# Task instructions
Instruction for the data below: set down exactly the lines from the line with "The picturesque landscapes" to the line with "Turquoise & Off", inclusive, and no others.

# Available data
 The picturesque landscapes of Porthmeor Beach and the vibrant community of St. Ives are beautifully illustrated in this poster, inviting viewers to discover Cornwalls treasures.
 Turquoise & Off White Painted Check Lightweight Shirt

* * *

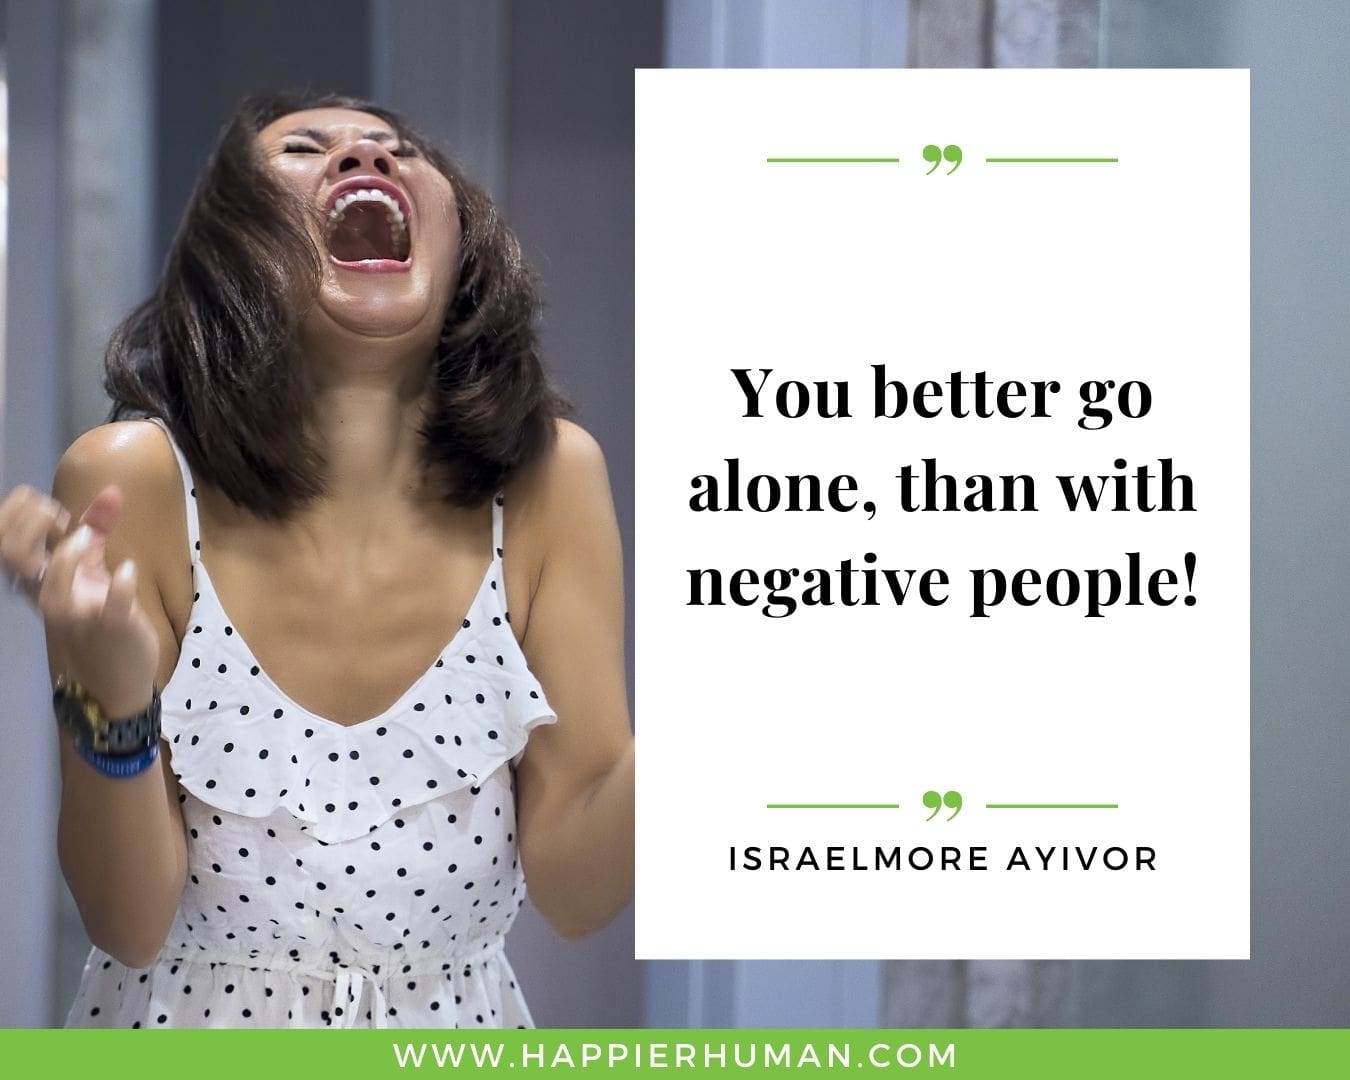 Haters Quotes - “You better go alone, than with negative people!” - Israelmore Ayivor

==

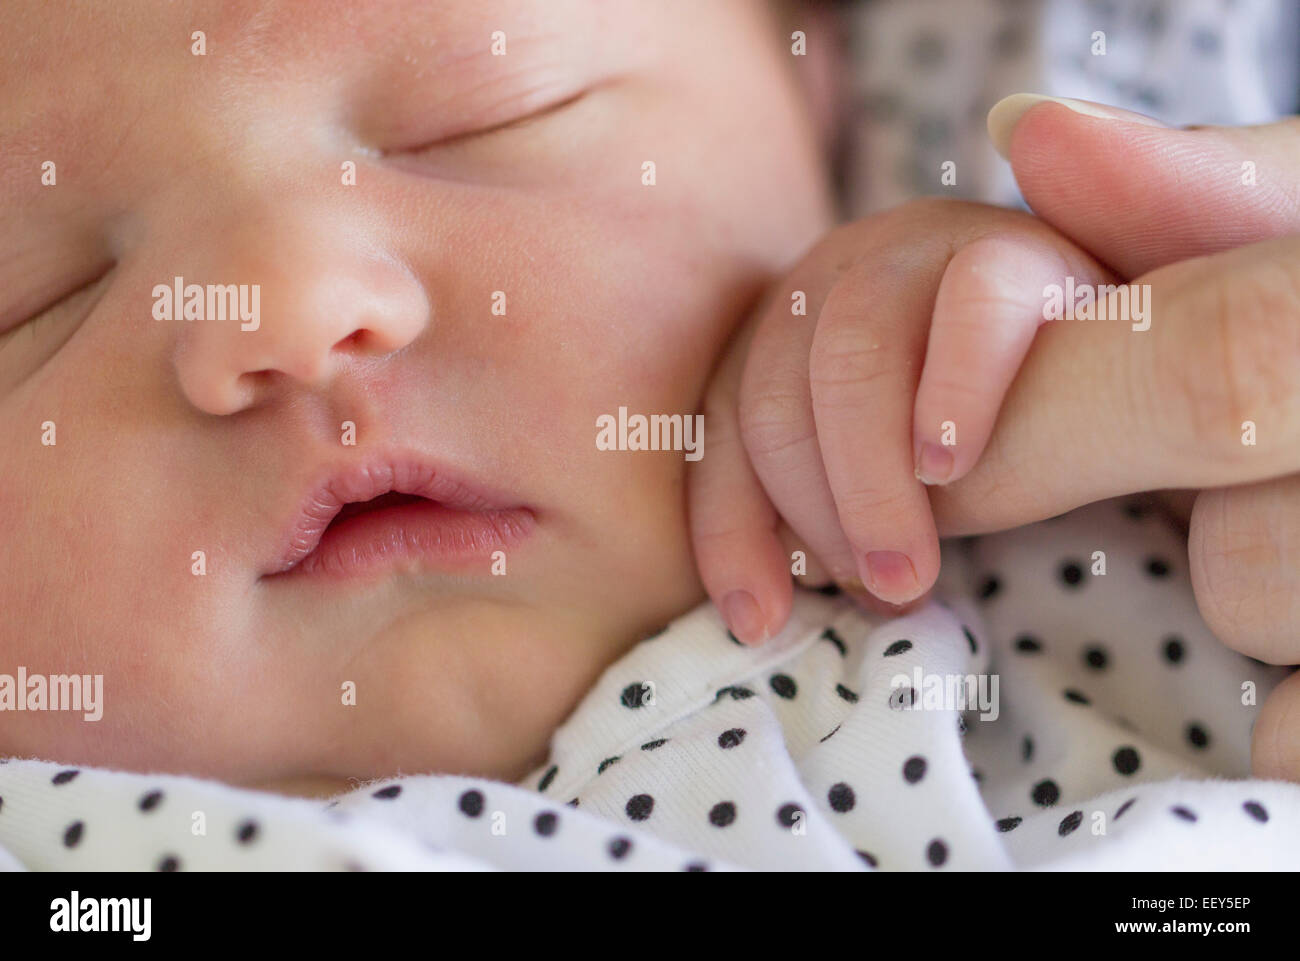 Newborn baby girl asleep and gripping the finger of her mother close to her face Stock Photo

# Task answer
 The picturesque landscapes of Porthmeor Beach and the vibrant community of St. Ives are beautifully illustrated in this poster, inviting viewers to discover Cornwalls treasures.
 Turquoise & Off White Painted Check Lightweight Shirt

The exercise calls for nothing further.